The municipal dumping grounds are virtual gold mines, as cash-strapped


municipal bodies invite private enterprise to help them get rid of garbage
and take the profits. Says Mazumdar: "This area holds tremendous potential,
not only for small business but also for large corporates."

In the US, the solid waste industry generates $43 billion in annual revenue
and contributes $14 billion as direct and indirect taxes. Over 27,000
companies, employing 3,67,800 people, are engaged in this business, which
accounts for 0.5 per cent of the GDP.

The potential here is tremendous: India generates around 48 million tonnes


of municipal solid waste (MSW), with an organic, biodegradable content of
over 40 per cent, ideal for composting. Municipal bodies spend between Rs
500 and Rs 1,500 per tonne on collection, transportation, treatment and
disposal; only 5 per cent of this is spent on final disposal.

Private players are now being enticed to take on the task. The
announcement in Budget 2002 of a Rs 500 crore Urban Reform Incentive
Fund and a City Challenge Fund, which seeks to rope in the private sector in
the provision of civic services, may trigger activity here. The Mumbai-based
Excel Industries has set up aerobic (microbial treatment) composting plants
in 12 cities. The municipal bodies supply free MSW, the entrepreneur runs
the plants, and Excel provides the know-how. "Over 500 tonnes of MSW are
turned into 200 tonnes of compost in a 45-day cycle," says Excel’s Ramesh
Gade.

In 20 Class 1 towns of Rajasthan, including Jaipur and Jodhpur, the state has
offered 30-year land leases for MSW projects at a mere Re 1/sq.m/year.
Hyderabad and Pune have given private parties the task of collecting and
disposing hazardous waste from hospitals and small clinics.

Money from MSW, hospital waste, ash... the possibilities are endless.
Intelligent Investor looks at six areas where entrepreneurs have made money
from muck.

WEALTH FROM WASTE:


Building bricks from oil field effluent treatment plant sludge

Waste water produced in petroleum production contains hydrocarbons and


many trace metals such as Cr, Cd, As, Hg.
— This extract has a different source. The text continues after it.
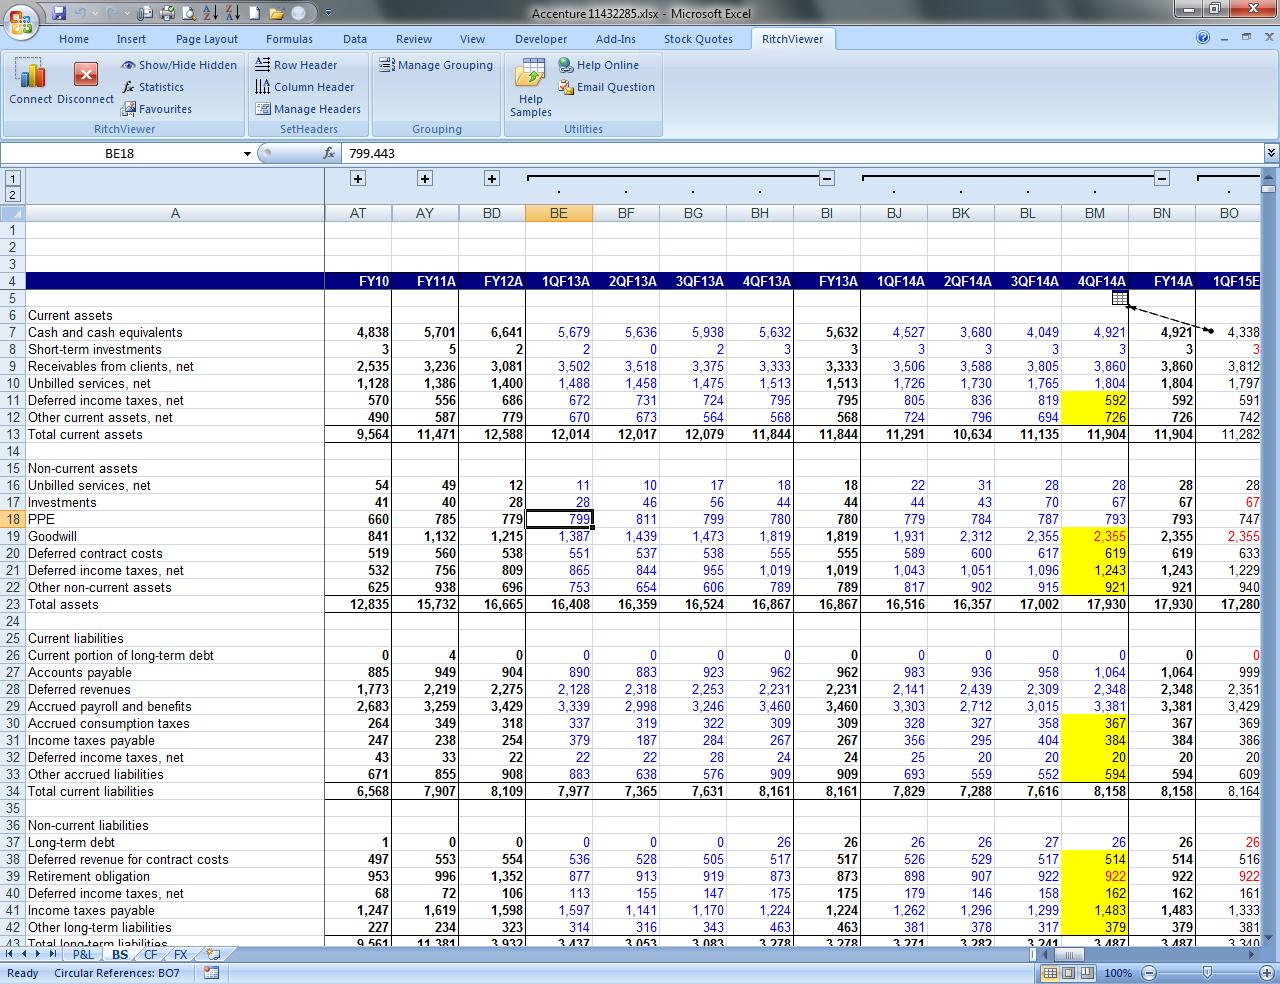 Slide 2 Accenture BS.png
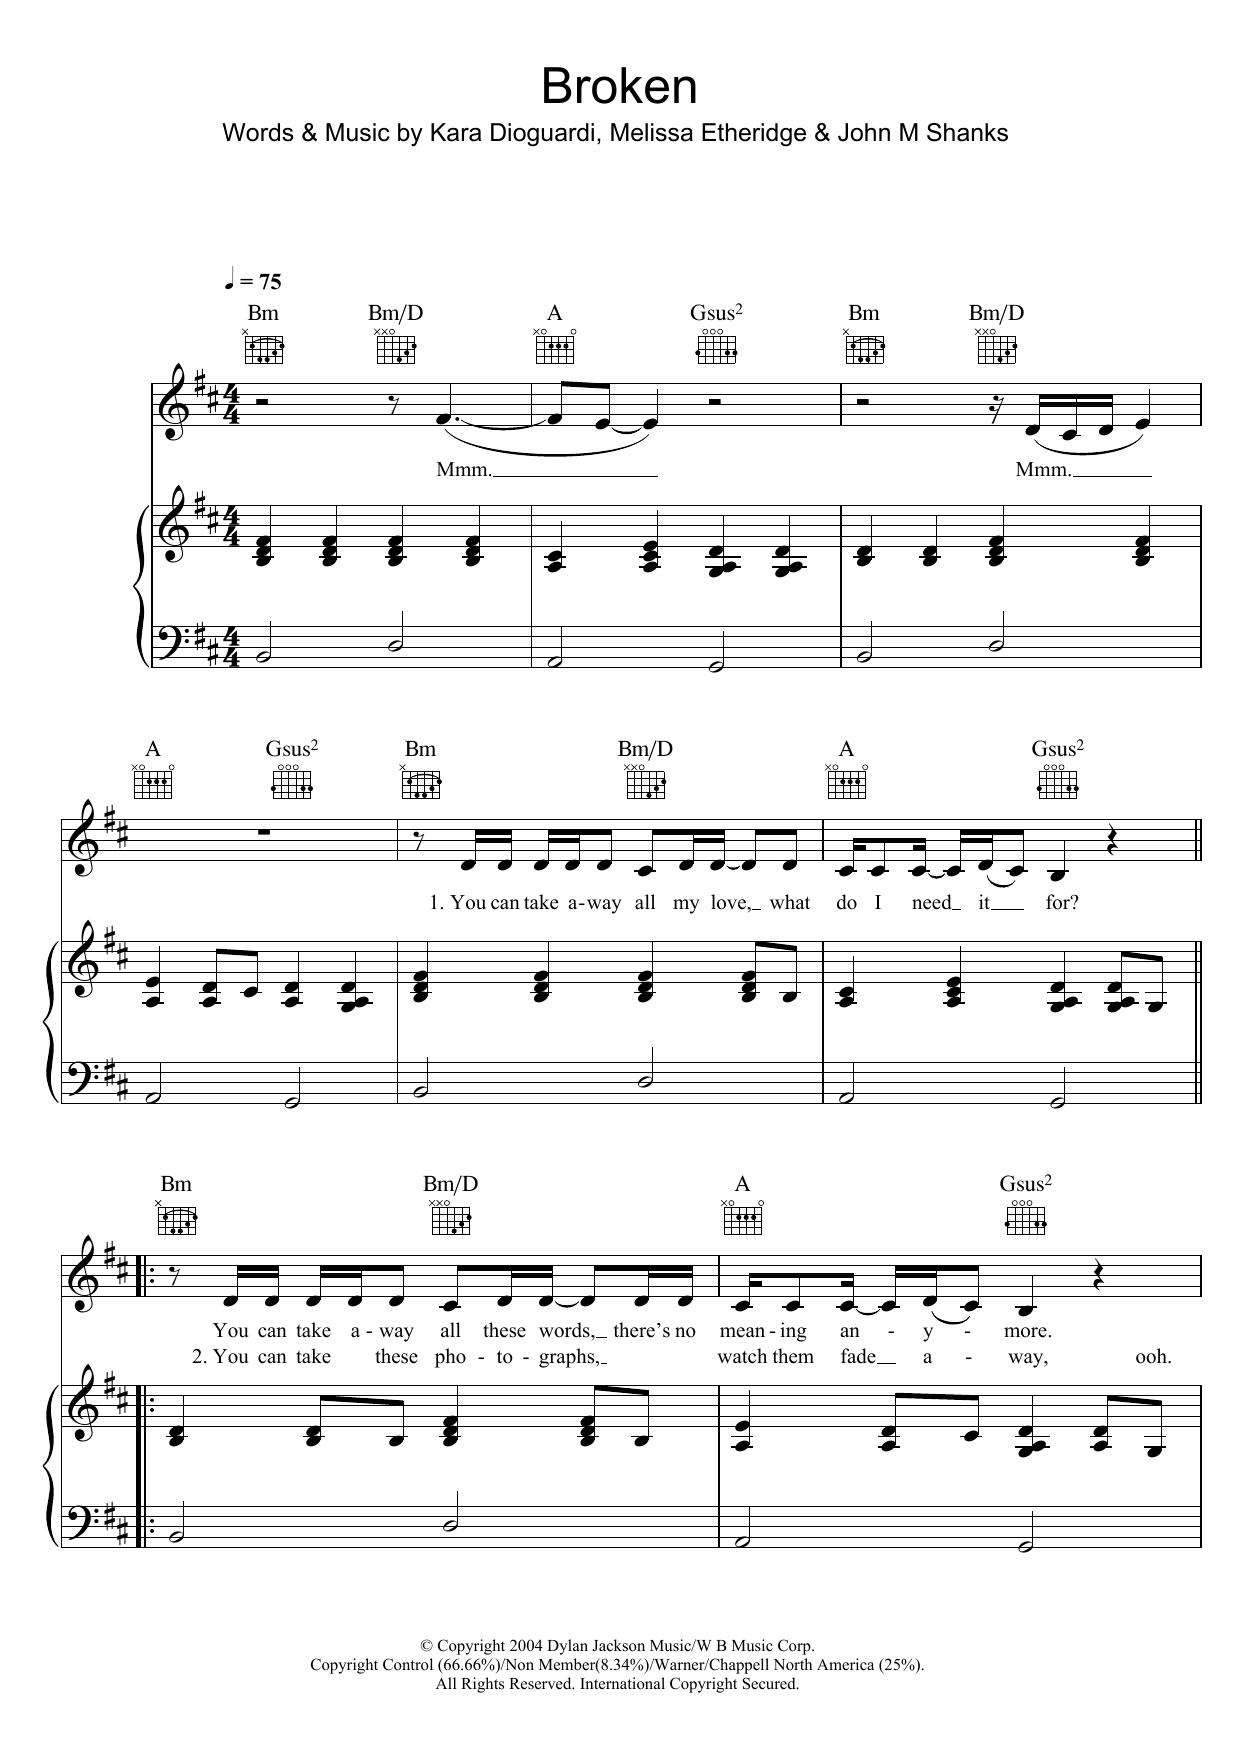 Broken by Leona Lewis Piano, Vocal & Guitar Digital Sheet Music

It is treated in effluent treatment
plant (ETP) before discharging into the environment.
In the process, a voluminous sludge containing oil / hydrocarbon is
generated, disposal of which is a problem.

The sludge contains oil, water and inorganic materials. In an attempt to


utilize all these components, investigations on partial replacement of the raw
materials used in making masonry bricks by the sludge were carried out.
Bricks prepared by replacing about 30% of the raw materials (clay, sand and
water) by the sludge were found to conform to Indian standard specification
for common burnt clay building bricks. In the process, the water in the
sludge serve as the process water, the hydrocarbons burn and provide about
5% of the fuel requirement for brick making and the inorganic materials are
fixed as constituents of the bricks. Standard size bricks prepared using the
sludge and firing in a commercial coal fired kiln show high compressive
strength (163 kgf/cm2) and low water absorption capacity (10.4%).

The sludge was mixed with soil and then pelletized in a disk type pelletizer.
The pellets were dried and then fired in a laboratory scale electrical furnace.
The bulk density, crushing strength and water absorption capacities of the
pellets were determined. The pellets can be used as light weight
aggregates.

The process for making common masonry brick, lightweight aggregate and
blended cement utilizing the sludge werecompared. Considering the local
condition of industrialization, the process for making common masonry
bricks using the sludge seems to be the most promising one for eliminating
the problem associated with disposal of the sludge.